Yes, I understand, thank you very much. I've thought about buying DUCK and to check on your own machine and for producing information, statistics — is that, in relation to the Volvo, about experience information.
wrote to the fact that there are more than a simple, fairly reliable sameblock and maintenance easier and cheaper-checked personally.
I was recommended to write to You:
I bought a new Tahoe and 42,000 miles of travel on the factory oil, and yesterday replaced it with a oil without friction modifiers, and immediately climbed the creaking in the corners.
Yes, the devil knows .I think I'm going to put the experiment on his car. Most likely flushing will help .
Just after the incident with the car of Ruslan already want to understand what's what.

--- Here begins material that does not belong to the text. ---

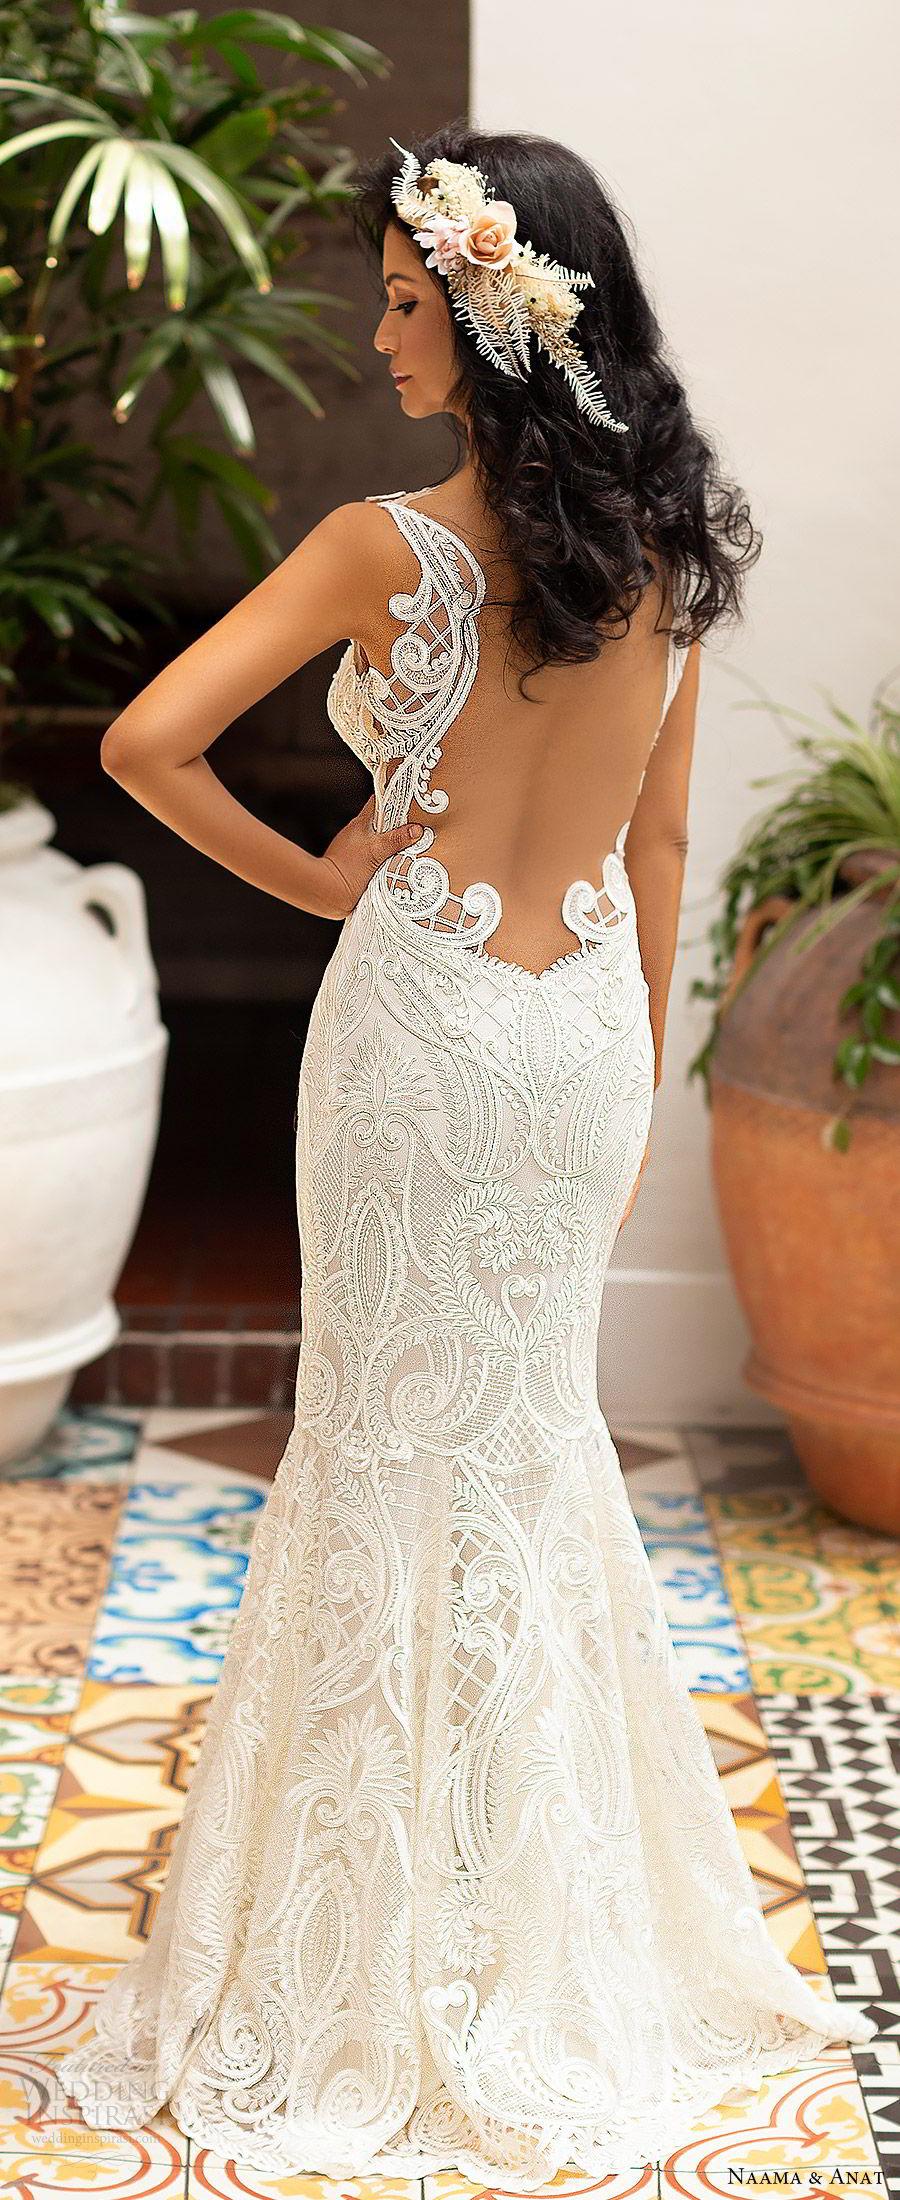 naama anat 2019 bridal sleeveless sweetheart neckline cutout bodice lace fit flare aline wedding dress illusion back sweep train sexy modern (5) zbv

PS the clutch does not change.In any case, spares are available
Most likely due to the saturation of the friction material modifier .At different differential speeds, the plates move relative to each other ( the unit still did not work) .And they start to creak. The modifier takes the sound — but it vovose does not mean that they are beginning to work as conceived by the manufacturer. The manufacturer is generally believed that the modifier disrupts the operation of the friction pairs and this leads to their wear.During povorotov low-speed friction pairs do not have to work!- a car differential works as a simple open differential.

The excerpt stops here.